4. Train an LSTM model using Keras/TensorFlow.

5. Evaluate on last 60 days using RMSE, MAE, MAPE, R².

In [57]:
# we select single series (Beans Wholesale)
commodity = "Beans"
price_col = "WholesaleUnitPrice"
df_series = df_p[df_p["Commodity"] == commodity][["Date", price_col]].dropna().sort_values("Date")
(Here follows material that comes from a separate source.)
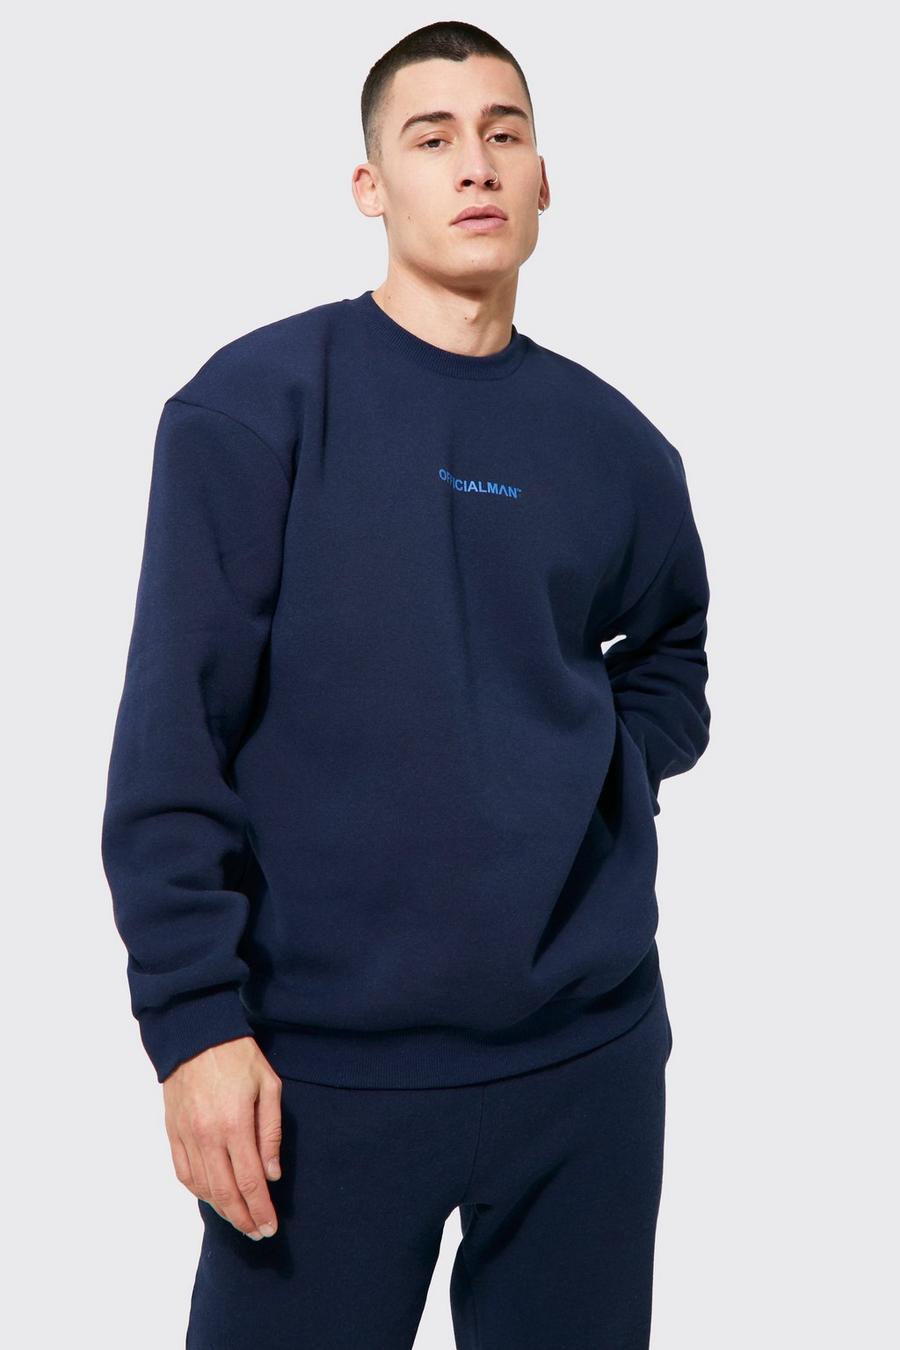 MAN Collection Hoodies & Sweatshirts For Men | boohoo UK

# Scale prices (LSTM needs scaled inputs)
scaler = MinMaxScaler()
prices_scaled = scaler.fit_transform(df_series[[price_col]])


In [58]:
# Create sequences (e.g., 30 days input → 1 day output)
def create_sequences(data, window=30):
    X, y = [], []
    for i in range(window, len(data)):
        X.append(data[i-window:i, 0])
        y.append(data[i, 0])
    return np.array(X), np.array(y)

window_size = 30
X, y = create_sequences(prices_scaled, window_size)



SPLIT TRAIN/TEST DATA FOR THE LAST 60 DAYS AND RESHAPE FOR LSTM SAMPLES,TIMESTEPS AND ALSO FEATURES

In [59]:
# Split train/test (last 60 days as test)
split = len(X) - 60
X_train, X_test = X[:split], X[split:]
y_train, y_test = y[:split], y[split:]

# Reshape for LSTM (samples, timesteps, features)
X_train = X_train.reshape((X_train.shape[0], X_train.shape[1], 1))
X_test = X_test.reshape((X_test.shape[0], X_test.shape[1], 1))

### Build LSTM model


In [60]:
model = Sequential()
model.add(LSTM(64, return_sequences=False, input_shape=(window_size, 1)))
model.add(Dropout(0.2))
model.add(Dense(1))  # Predict next price

model.compile(optimizer='adam', loss='mse')
model.fit(X_train, y_train, epochs=30, batch_size=16, verbose=1)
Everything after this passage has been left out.